Sitting in his office surrounded by plaques attesting to the school’s top-notch performance (not to mention an urn labeled “Ashes of Problem Students” strategically placed on a nearby shelf), Mr. Marsee candidly admits that “I didn’t know anything about charter schools” when he first came to Princeton. Previously, he had headed a day school and a girl’s boarding school, and had never lived on the East coast. “There are not many times when you get to work with a school from scratch, though” he observed. “I have always been an optimist. From the get-go I assumed it would work.” He was not surprised by the school’s proficiency in teaching science and math, but he had not anticipated that it would turn out to have a first-class world language program as well.

A Necessary “Field Trip”

It was, to be sure, a challenge. Mr. Marsee recalled, for example, the early days when the school’s main building on Bunn Drive was not yet ready. Five teachers (four of them are still with the school, along with 19 other full-time and four part-timers) had been meeting with students at the Nassau Presbyterian Church, but there came the day when they “had a school with no building. I don’t know if the Board of Education knew about that,” chuckled Mr. Marsee. With the church space no longer available, they assembled in the church parking lot and boarded buses for “an all-school field trip to Philadelphia.”

What Next?

After 43 years as an educator, what does Mr.

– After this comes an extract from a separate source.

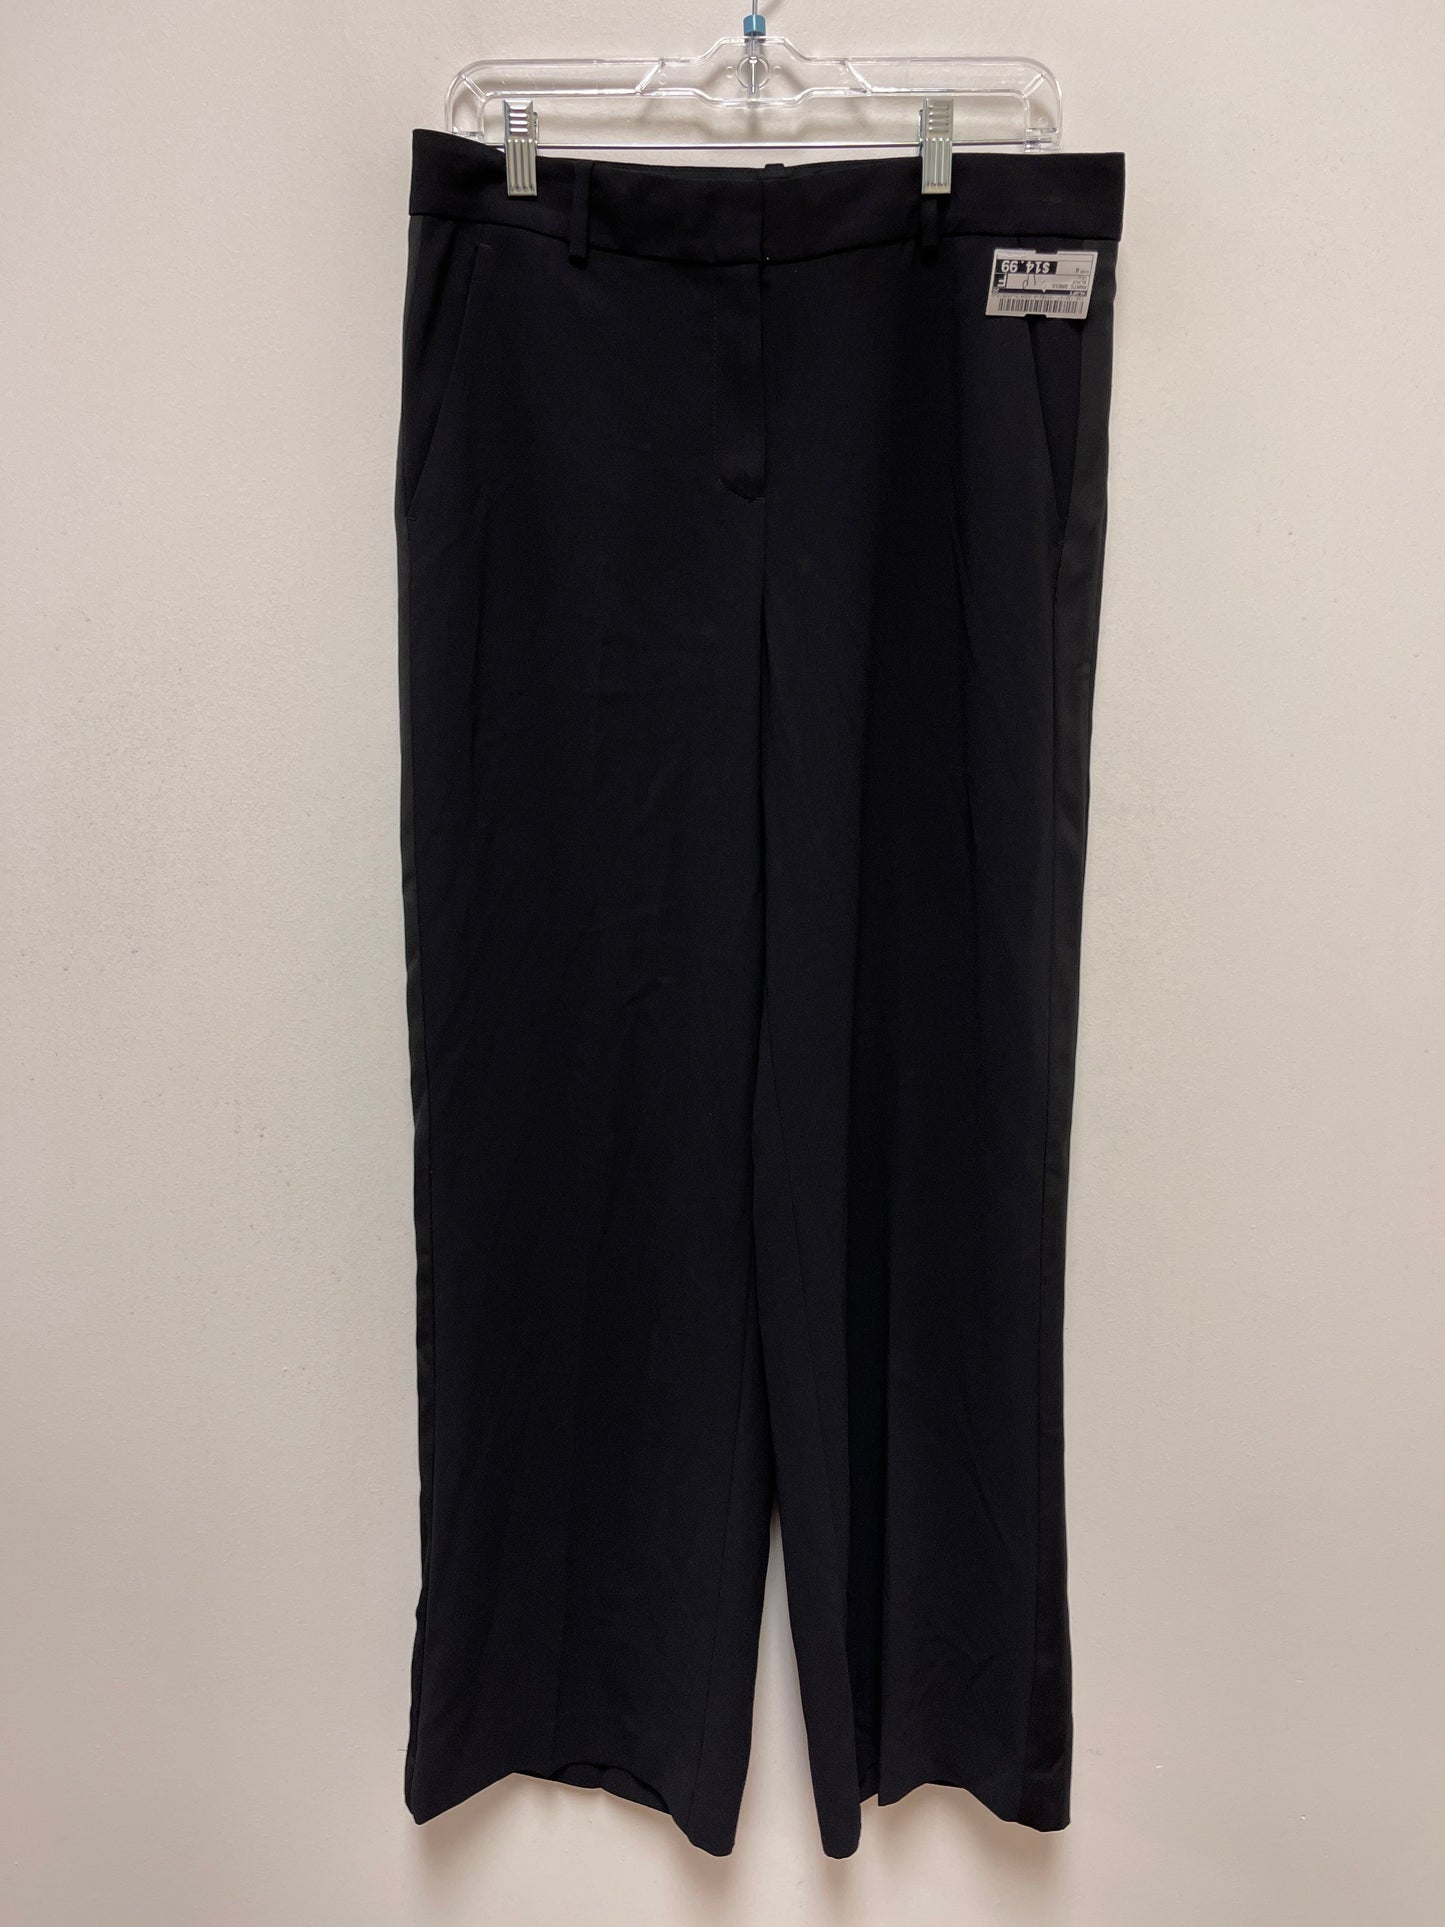 Black Pants Dress Loft, Size 8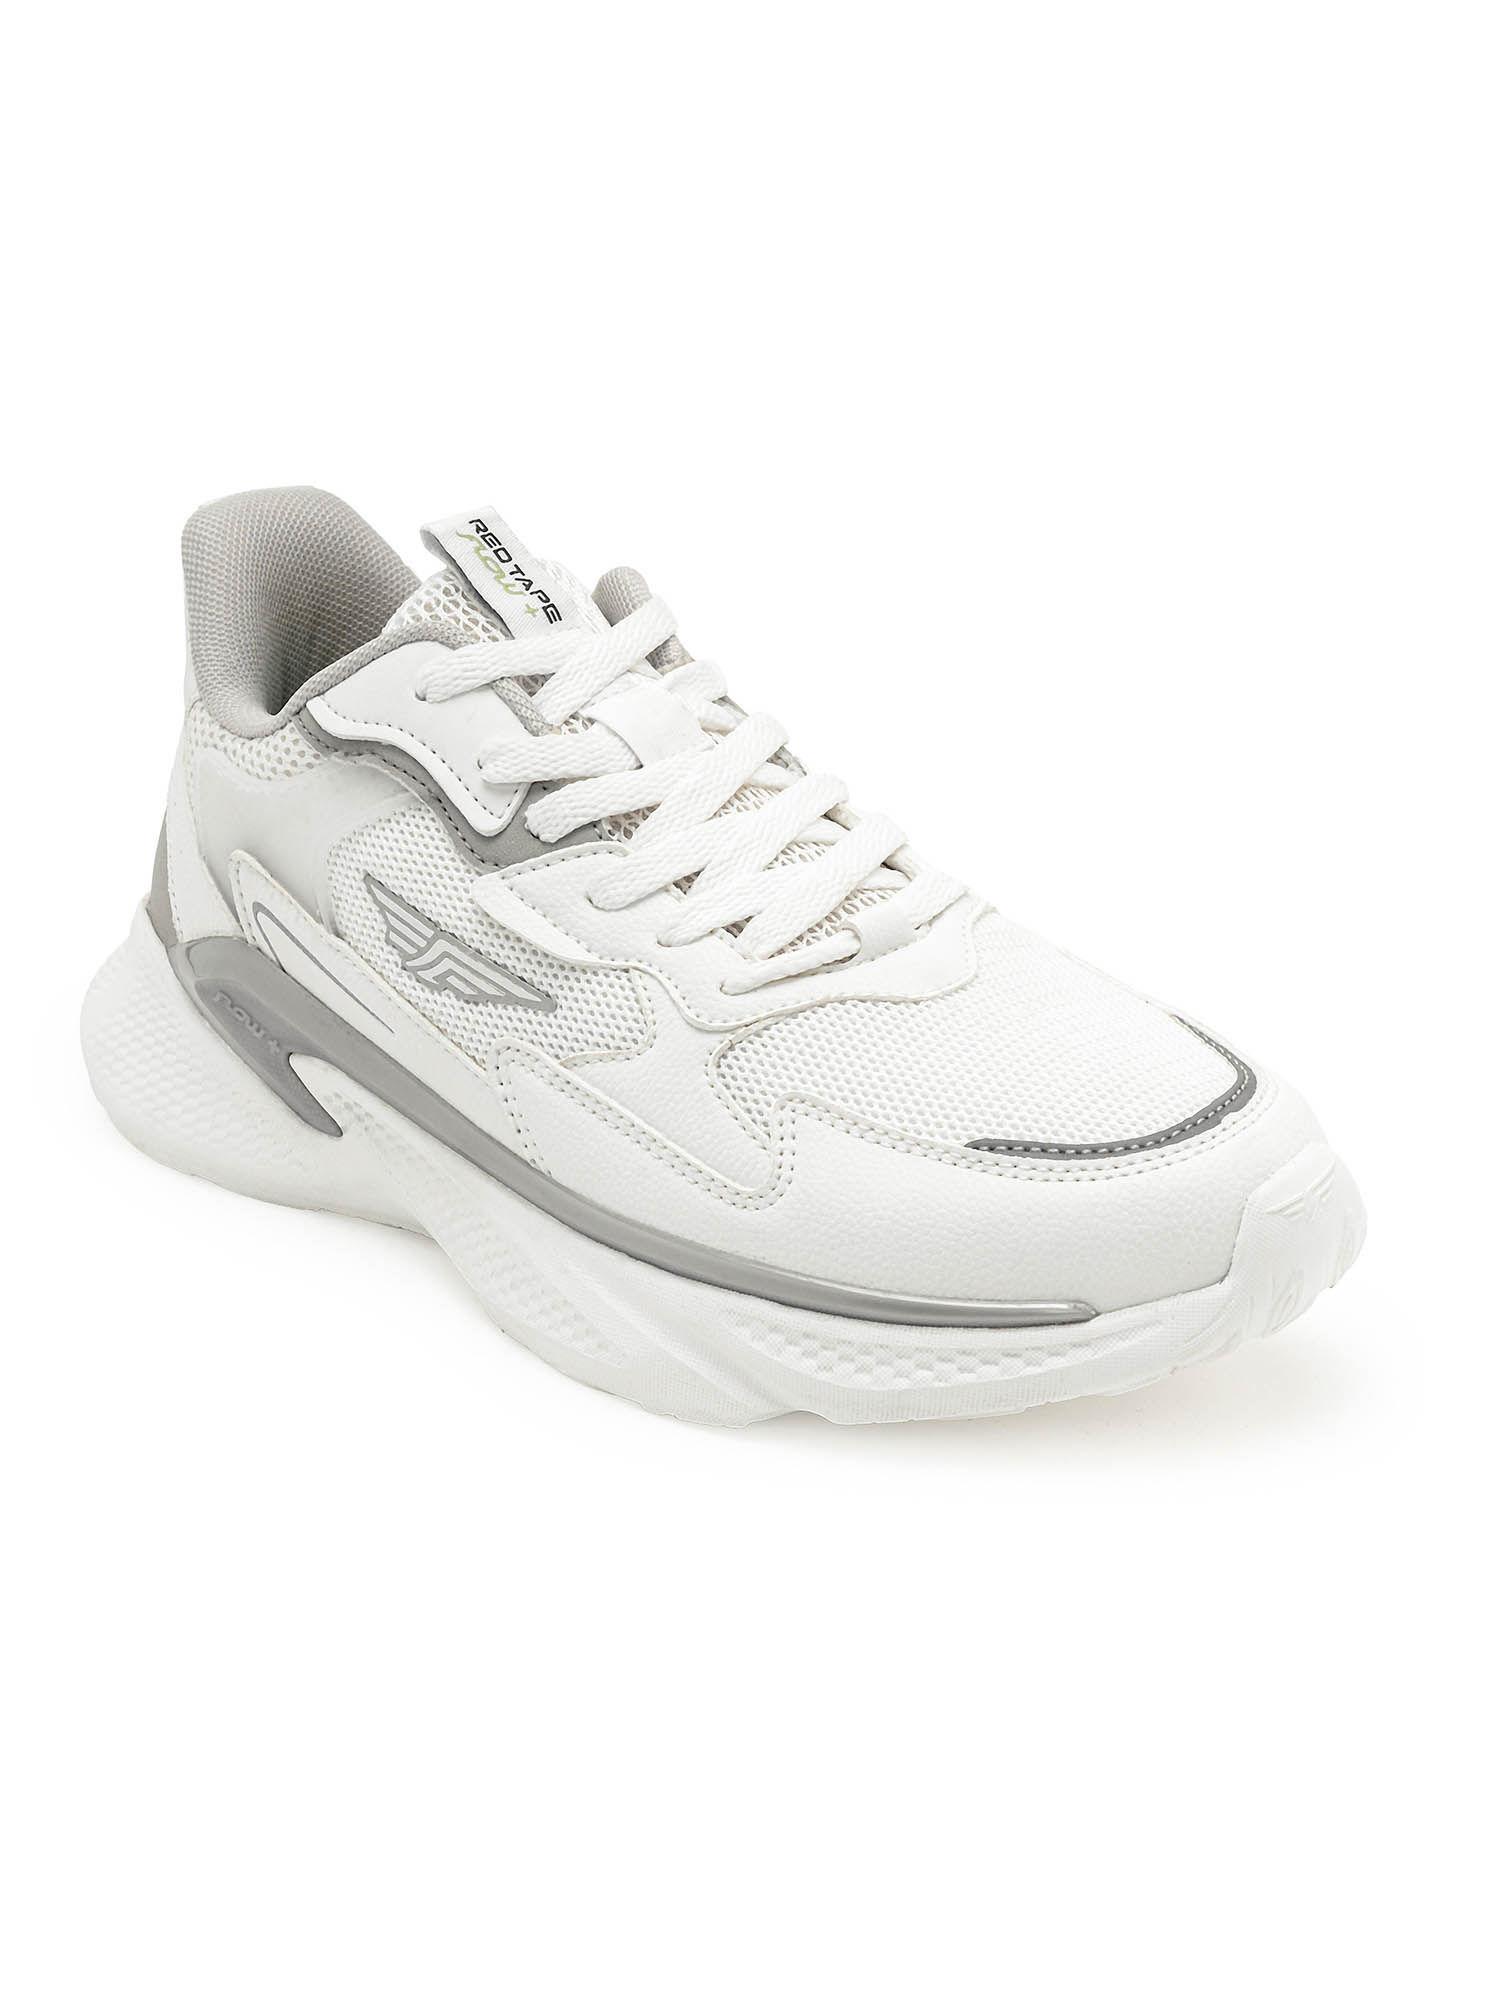 mens textured white-grey walking shoes

Marsee plan to do as he retires? “People keep asking me that,” he mused. His wife, Jerri, is a tenured associate professor at Union City College and will continue working, so the Marsees will remain in the area at least for a while. Mr. Marsee said that he plans to travel, play golf, and “spoil a few grandchildren,” at first. After a year of “doing very little,” he looks forward to getting back to the volunteer work he largely gave up when he became head of Princeton Charter School.